# WORK TO BE COMPLETED
Could you transcribe exactly the lines below, from the line with "The Unsymmetric Eigenvalue Problem" through the line with "A HA-LIX, a", and nothing else, leaving out the pictures?

# TASK MATERIAL
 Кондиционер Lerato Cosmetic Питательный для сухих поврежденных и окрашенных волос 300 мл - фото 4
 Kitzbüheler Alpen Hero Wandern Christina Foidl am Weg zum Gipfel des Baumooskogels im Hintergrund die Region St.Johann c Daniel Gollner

* * *

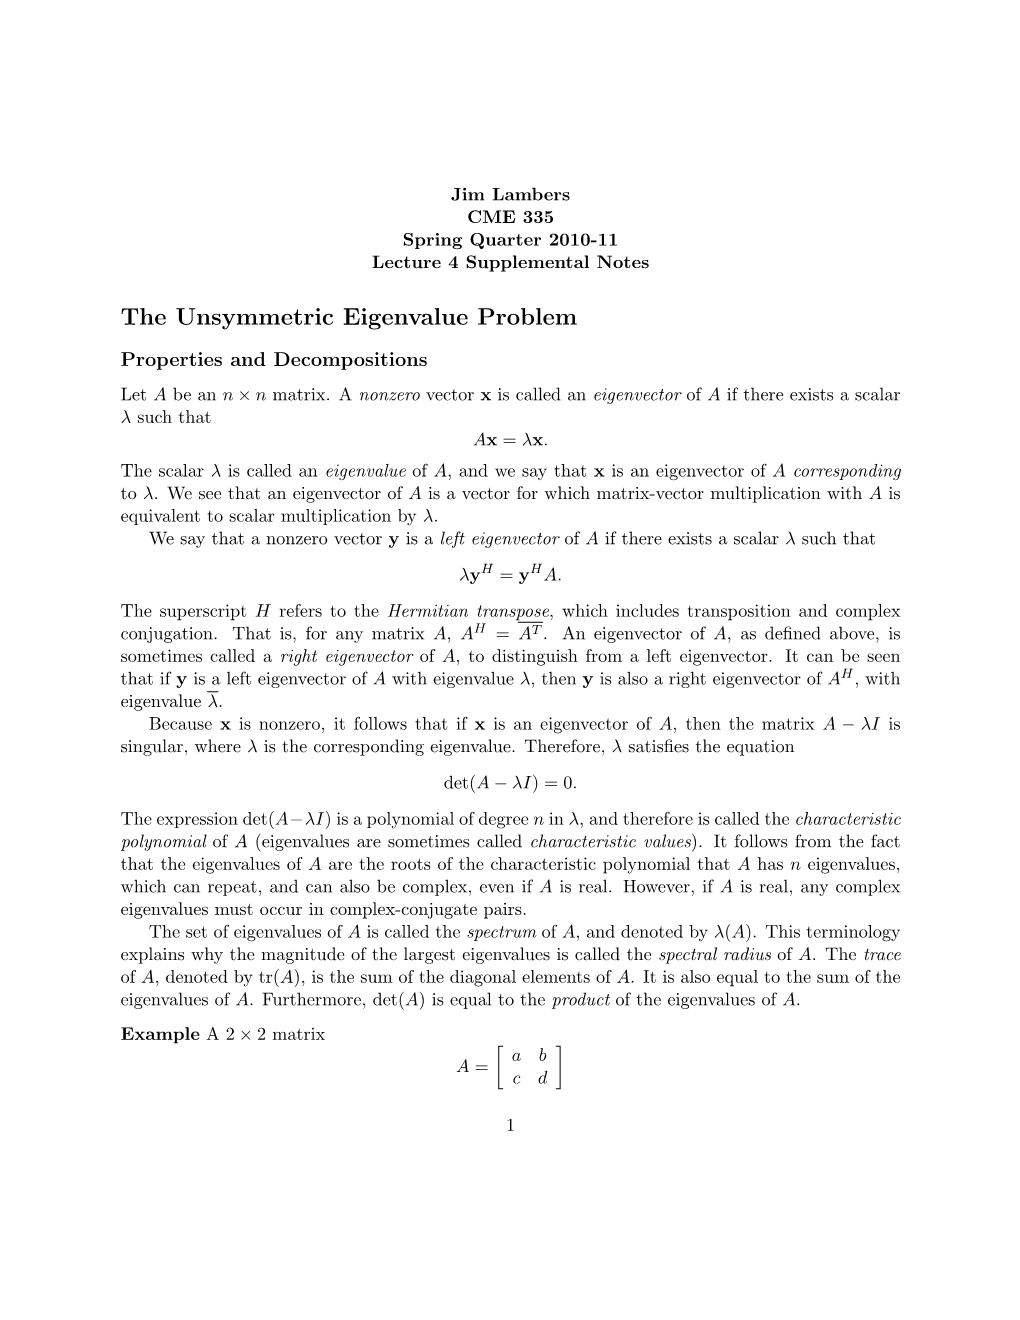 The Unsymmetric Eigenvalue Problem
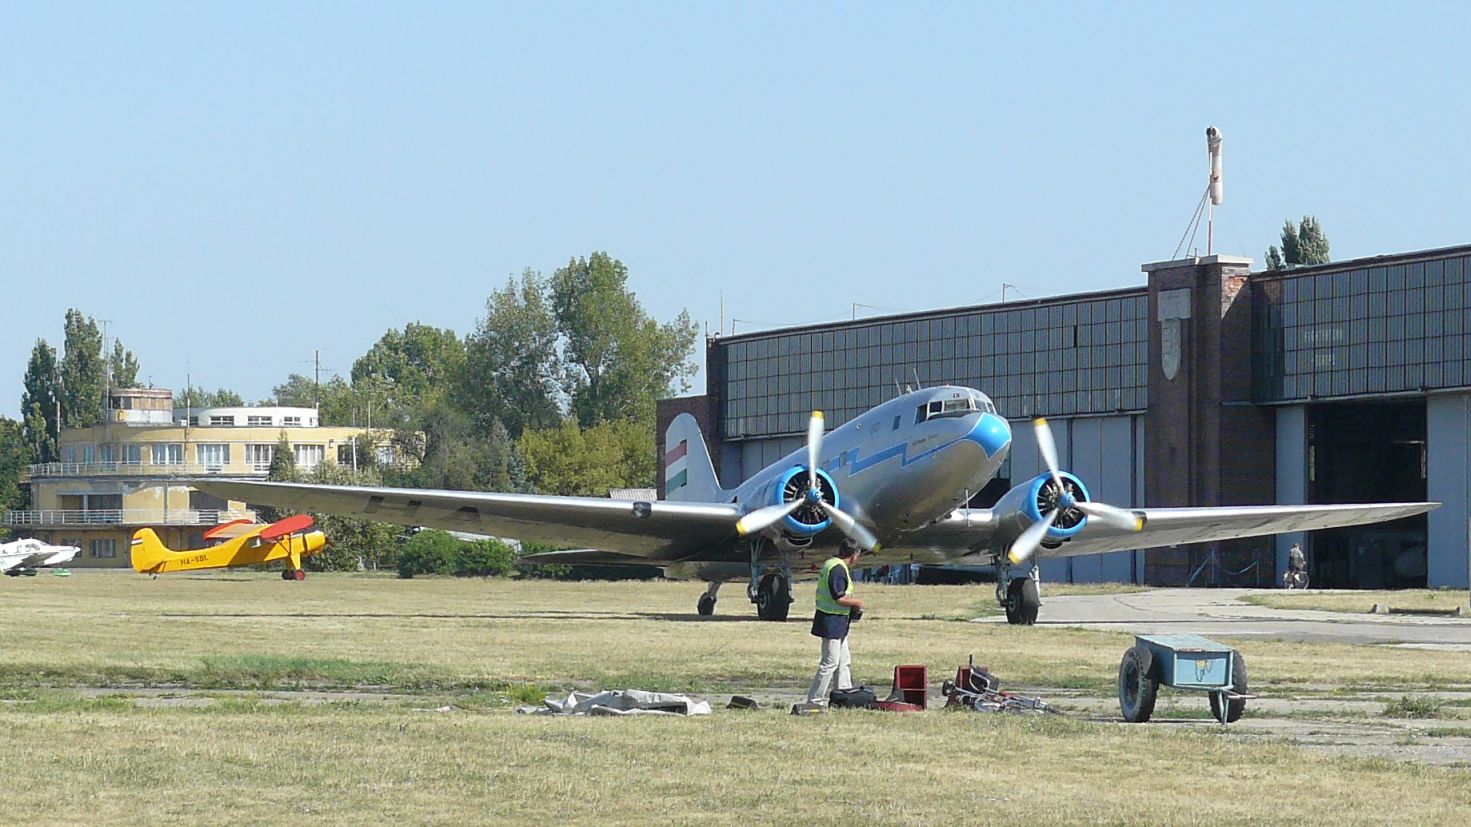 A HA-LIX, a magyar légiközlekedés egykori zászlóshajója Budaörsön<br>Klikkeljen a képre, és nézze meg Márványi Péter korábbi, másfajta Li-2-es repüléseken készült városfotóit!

# RESPONSE TO THE TASK
 The Unsymmetric Eigenvalue Problem
 A HA-LIX, a magyar légiközlekedés egykori zászlóshajója Budaörsön<br>Klikkeljen a képre, és nézze meg Márványi Péter korábbi, másfajta Li-2-es repüléseken készült városfotóit!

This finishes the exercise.